Estimates based on historical NTA data. JEE Main uses percentile (normalized across shifts), not raw score, for ranking.
150 marks in JEE Main places you at approximately the 93rd–96th percentile — in the band where JEE Advanced eligibility is right on the boundary for General category. This is also the range where IIIT and GFTI admissions become the primary realistic path. The difference between 150 and 180 marks is roughly 8 additional net correct answers — achievable with focused preparation on your weakest subject.
Remember: JEE Main reports percentile, not raw rank. The same raw score of 150 in an easier shift may produce a lower percentile than 150 in a harder shift, because percentile reflects your position in the full score distribution across all shifts and sessions.
| Raw Score Range | Approx. Percentile | Typical Admission Access |
|---|---|---|
| 270–300 | 99.9th+ | IIT (JEE Advanced), top NIT CS |
| 245–269 | 99.5–99.9th | IIT-eligible (Adv.), top NIT branches |
| 215–244 | 98–99.5th | Good NITs (CS/ECE borderline) |
| 180–214 | 95–98th | Mid-tier NITs, some good IIITs |
| 150–179 | 93–95th | IIITs, GFTIs, mid-tier NITs |
| 120–149 | 88–93th | State-level counselling + some IIITs |
| 0–119 | Below 88th | State engineering / private |
Your score band is highlighted. Data based on JEE Main 2023–2025 historical patterns. Cutoffs shift each year based on difficulty and candidate pool.
JEE Main has 3 subjects (Physics, Chemistry, Maths), each with 20 MCQ questions (+4/−1) and 10 numerical questions (attempt any 5, +4/0 — no negative marking). Multiple answer patterns produce 150 total:
| Approximate Attempt Pattern | Calculated Score |
|---|---|
| ~36C MCQ, 6C Num, 3W MCQ | 165 |
| ~33C MCQ, 9C Num, 0W MCQ | 168 |
| ~38C MCQ, 5C Num, 5W MCQ | 167 |
Since numericals have no negative marking, every numerical attempted is net-positive or neutral. Students scoring 150 with few numerical attempts have significant upside by increasing numerical practice — each additional correct numerical adds +4 marks with zero downside risk.
The numerical section (5 of 10 per subject attempted) contributes up to 60 marks per subject.
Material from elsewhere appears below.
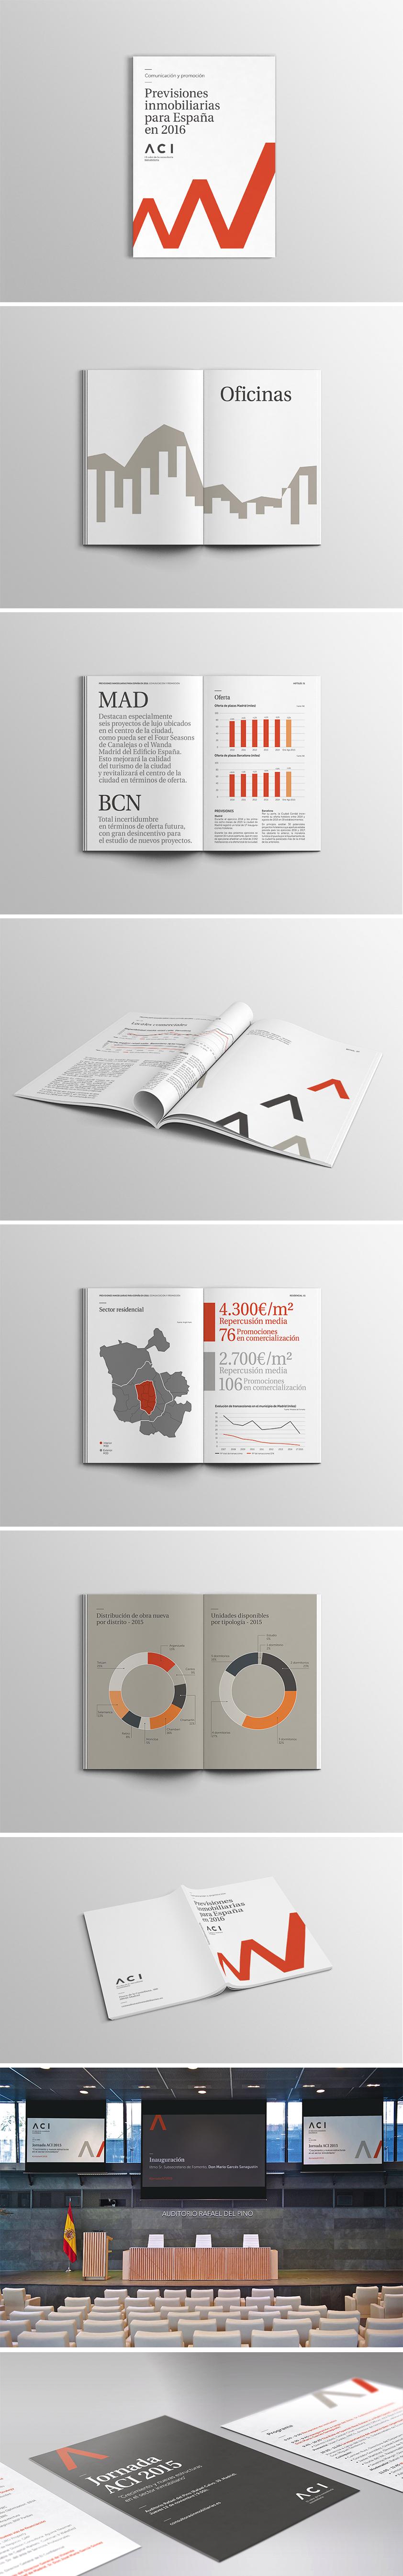 aci-libro-previsiones-2016

Students who master the numerical section can offset weaker MCQ performance significantly. A common mistake: only attempting exactly 5 numericals and stopping. Since there is no penalty, attempt all 10 if time allows — only correct answers count, so attempting more is always better.
At 150 marks, maximising numericals is your most reliable path to 250+. Each wrong MCQ costs 1 mark in penalty and loses the 4-mark gain, a net swing of 5 marks per question. At this level, accuracy on MCQs matters as much as attempting more questions.
At 150 marks, the numerical section is your biggest opportunity. Students in this range are typically getting 2–4 numericals correct per subject (6–12 total). Since numericals carry no negative marking, every additional attempted numerical with even partial confidence is +4 marks risk-free. Prioritize numerical practice for all three subjects before working on MCQ accuracy.
Use the JEE Score Calculator to enter your actual MCQ and numerical attempts per subject and identify which subject is dragging your score. The JEE Study Planner can build a structured schedule based on your exam date and subject strengths.